The data
◇ ◇ ◇
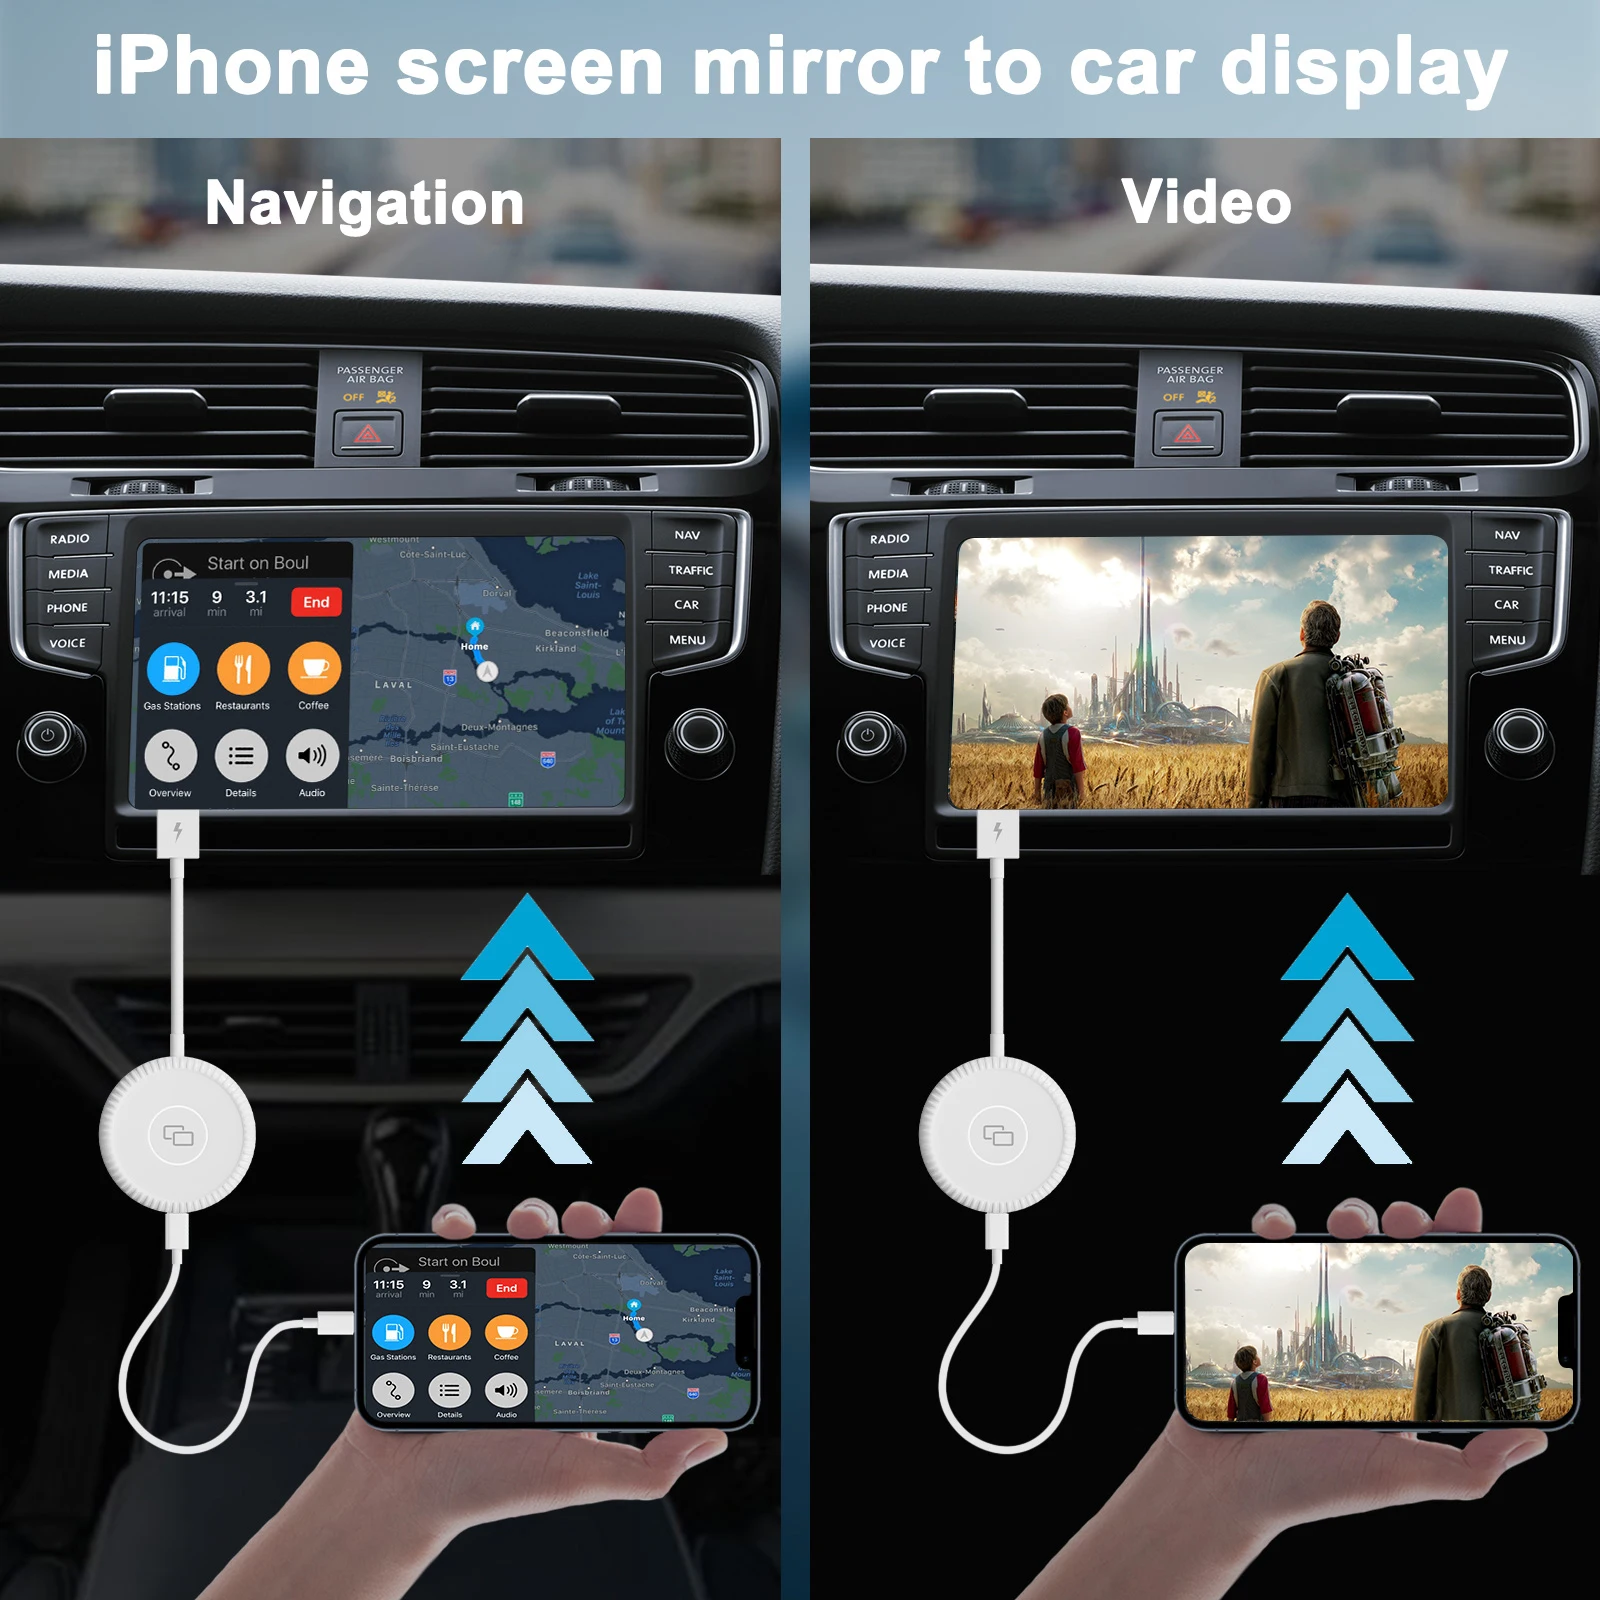 Огледален опънат Ключ Carplay Adapter/Ключ за заводски Жични автомобили CarPlay С Поддръжка на YouTube Navigation Media Player Mirrorlink
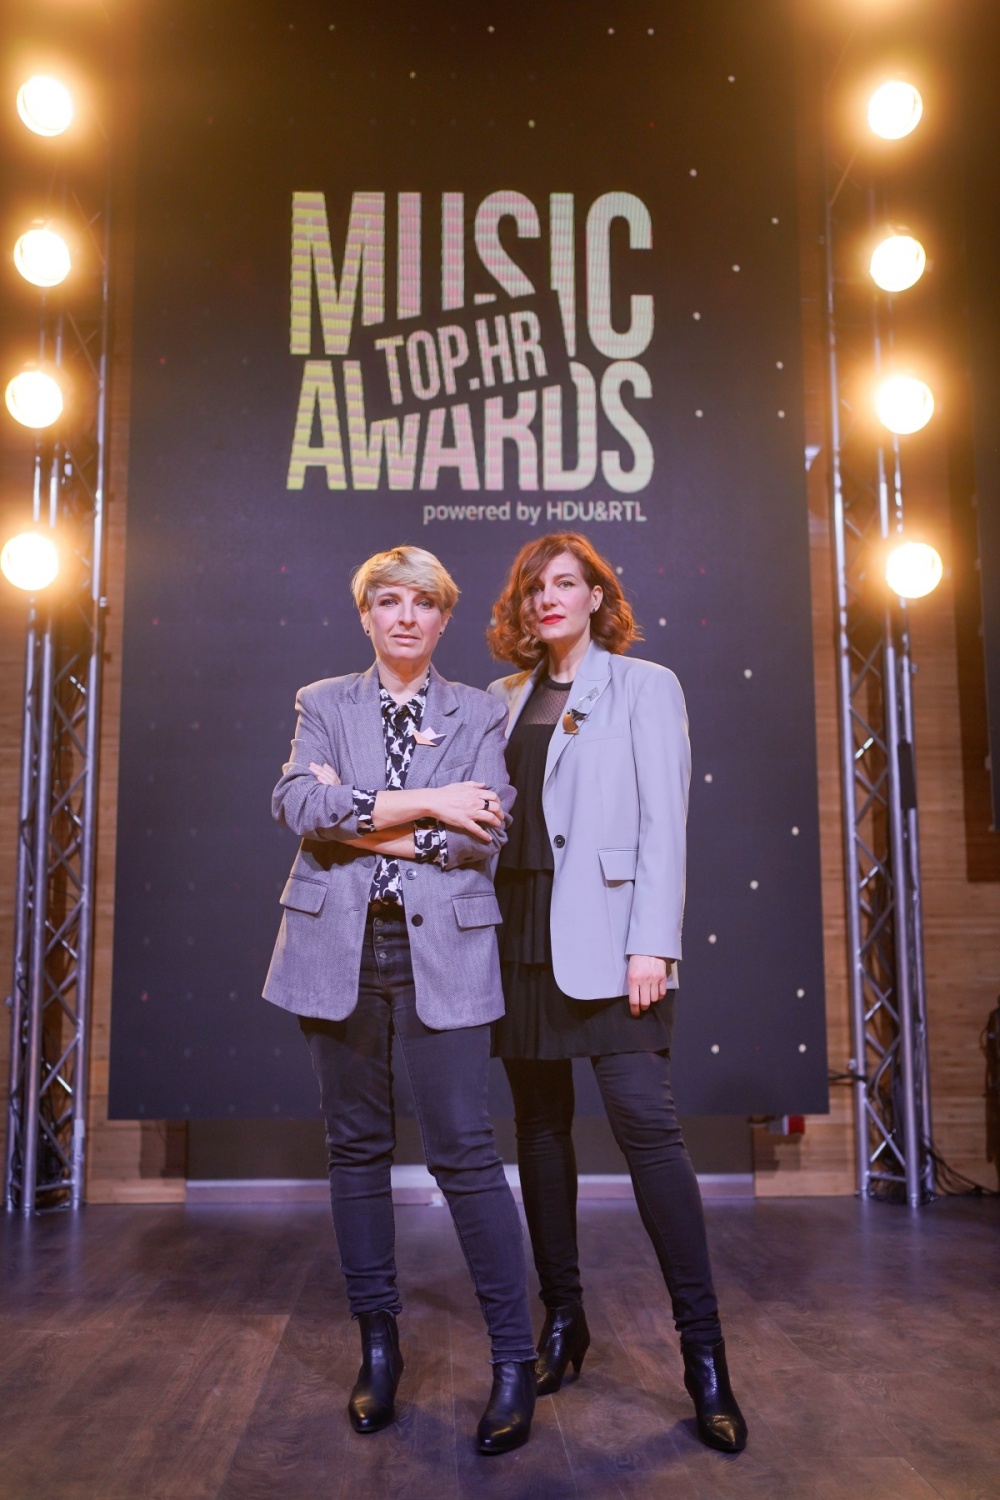 Treća dodjela Top.HR Music Awardsa u znaku žena koje su obilježile hrvatsku diskografiju
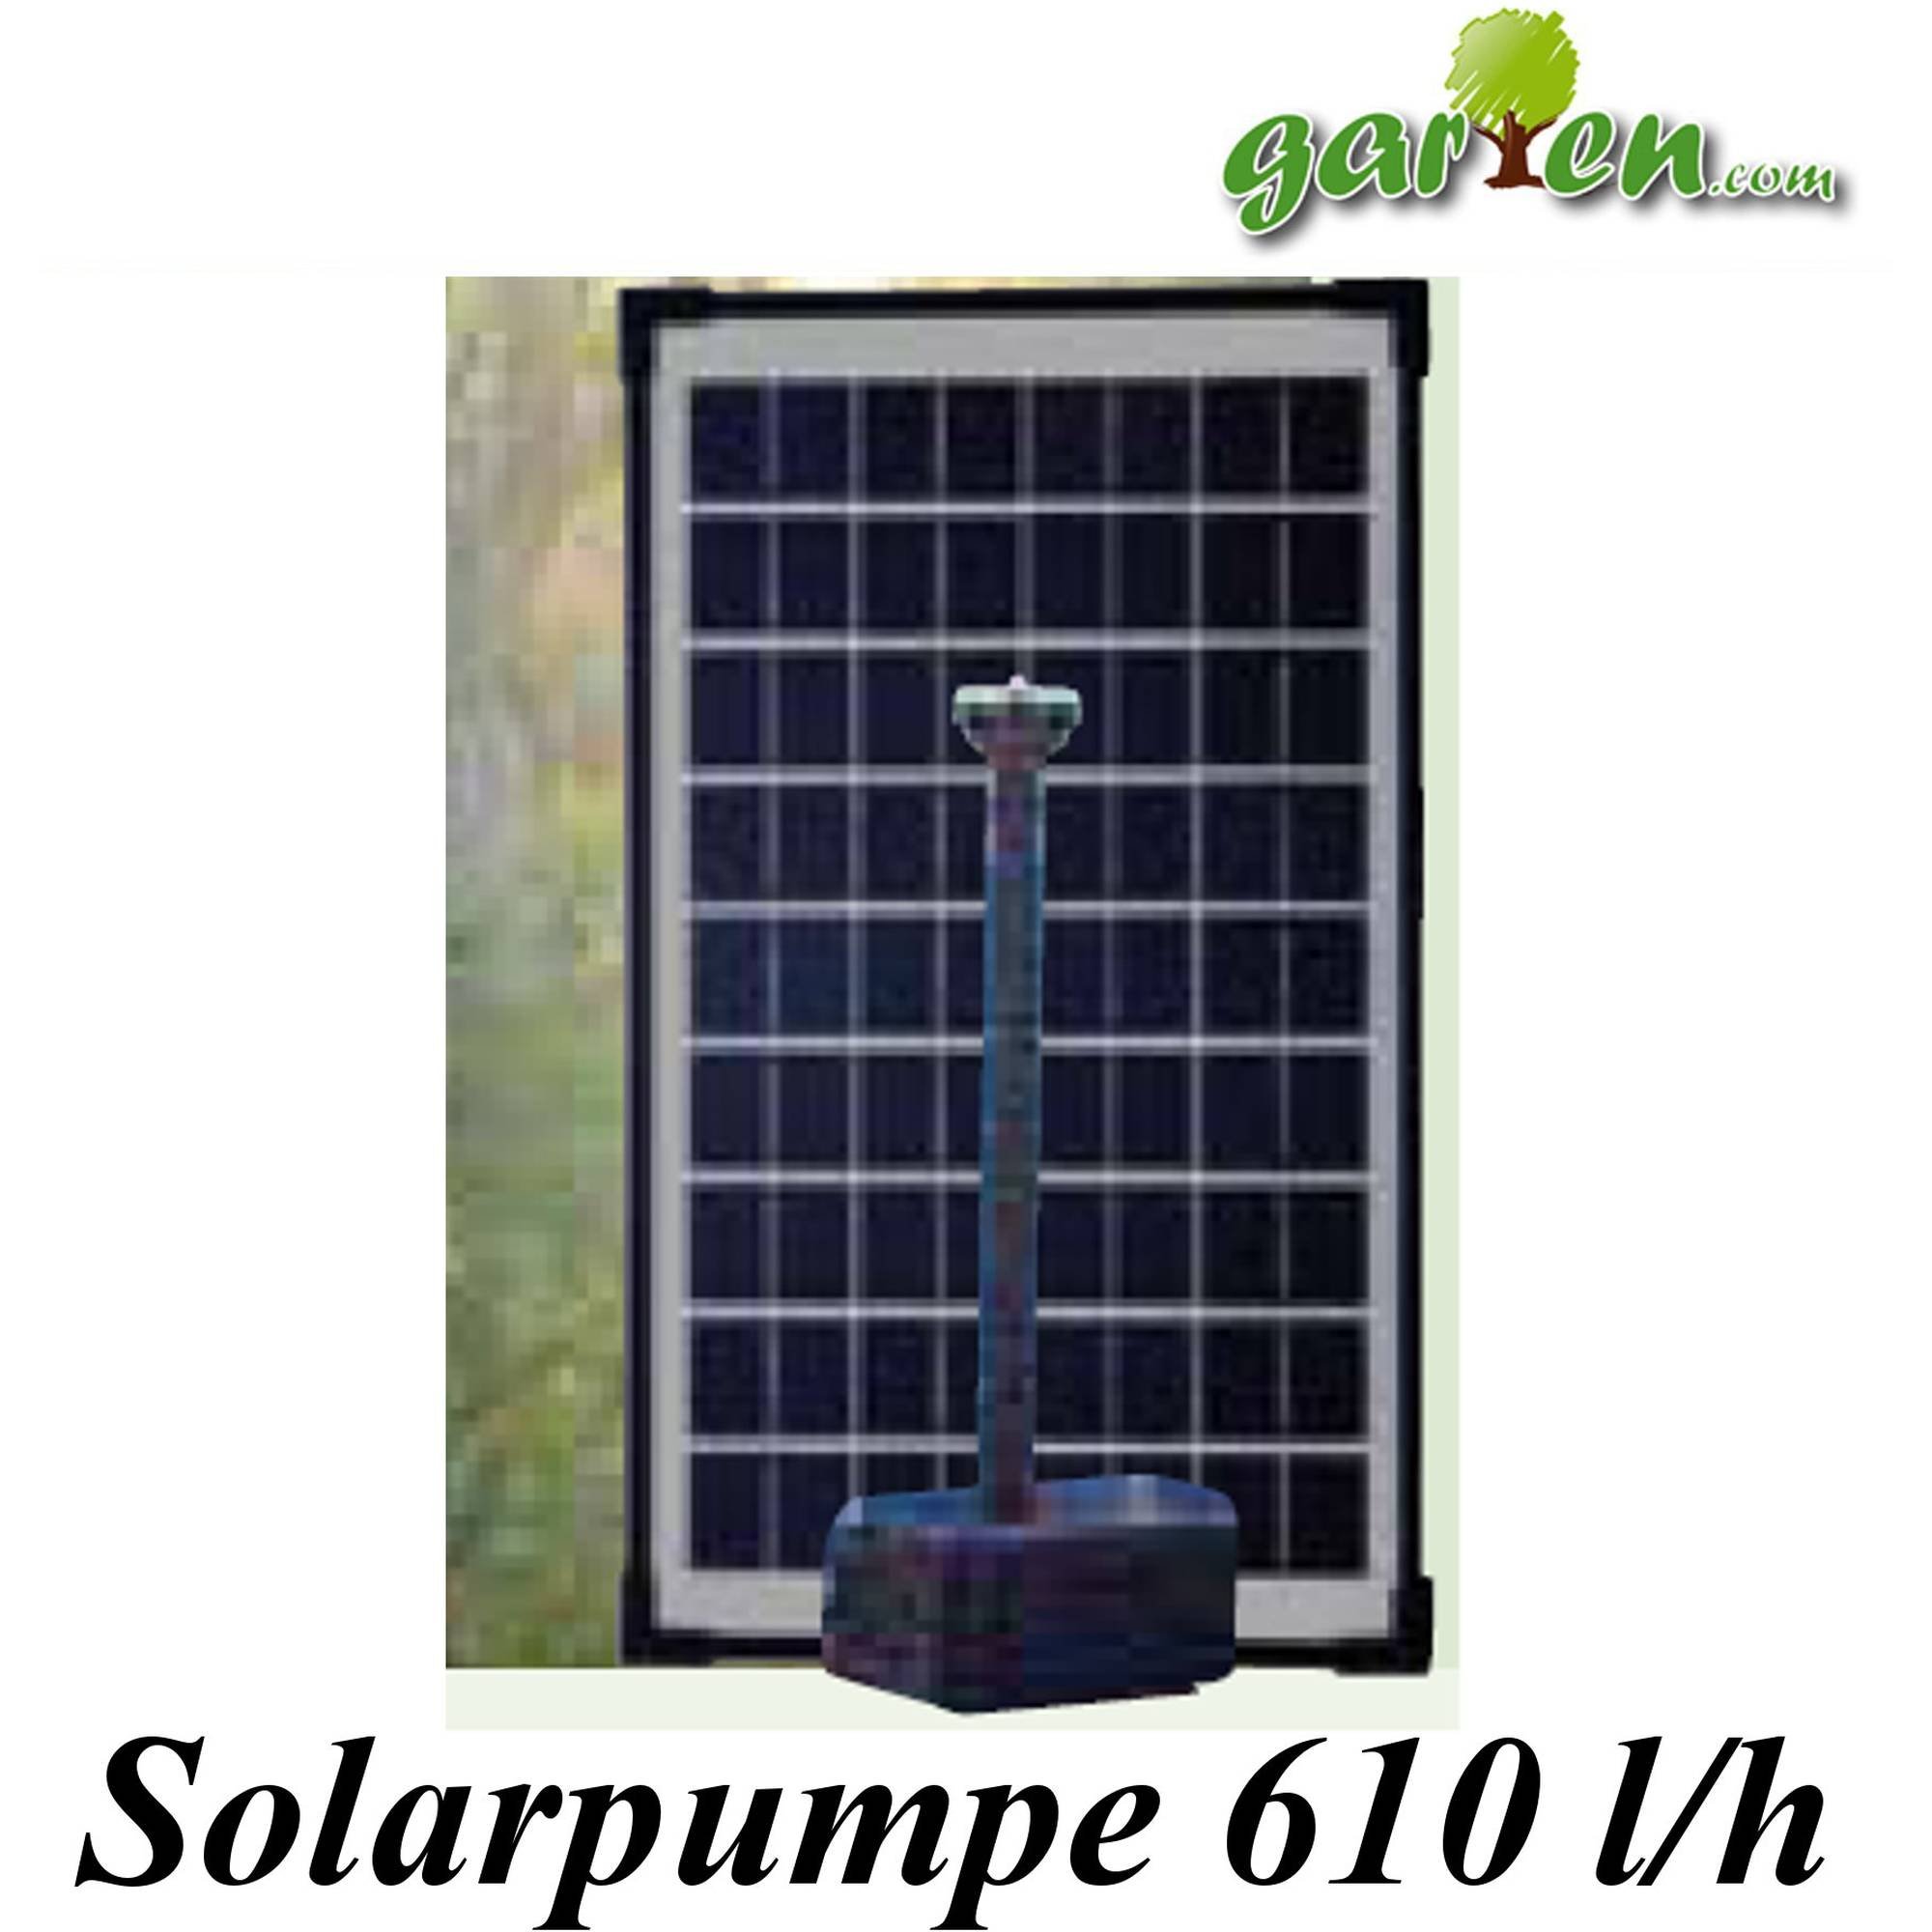 Pumpen Set Solar 610l/h von Heissner
◇ ◇ ◇
Task goal
Repeat the material above verbatim, with no pictures in the output.

Response
 Огледален опънат Ключ Carplay Adapter/Ключ за заводски Жични автомобили CarPlay С Поддръжка на YouTube Navigation Media Player Mirrorlink
 Treća dodjela Top.HR Music Awardsa u znaku žena koje su obilježile hrvatsku diskografiju
 Pumpen Set Solar 610l/h von Heissner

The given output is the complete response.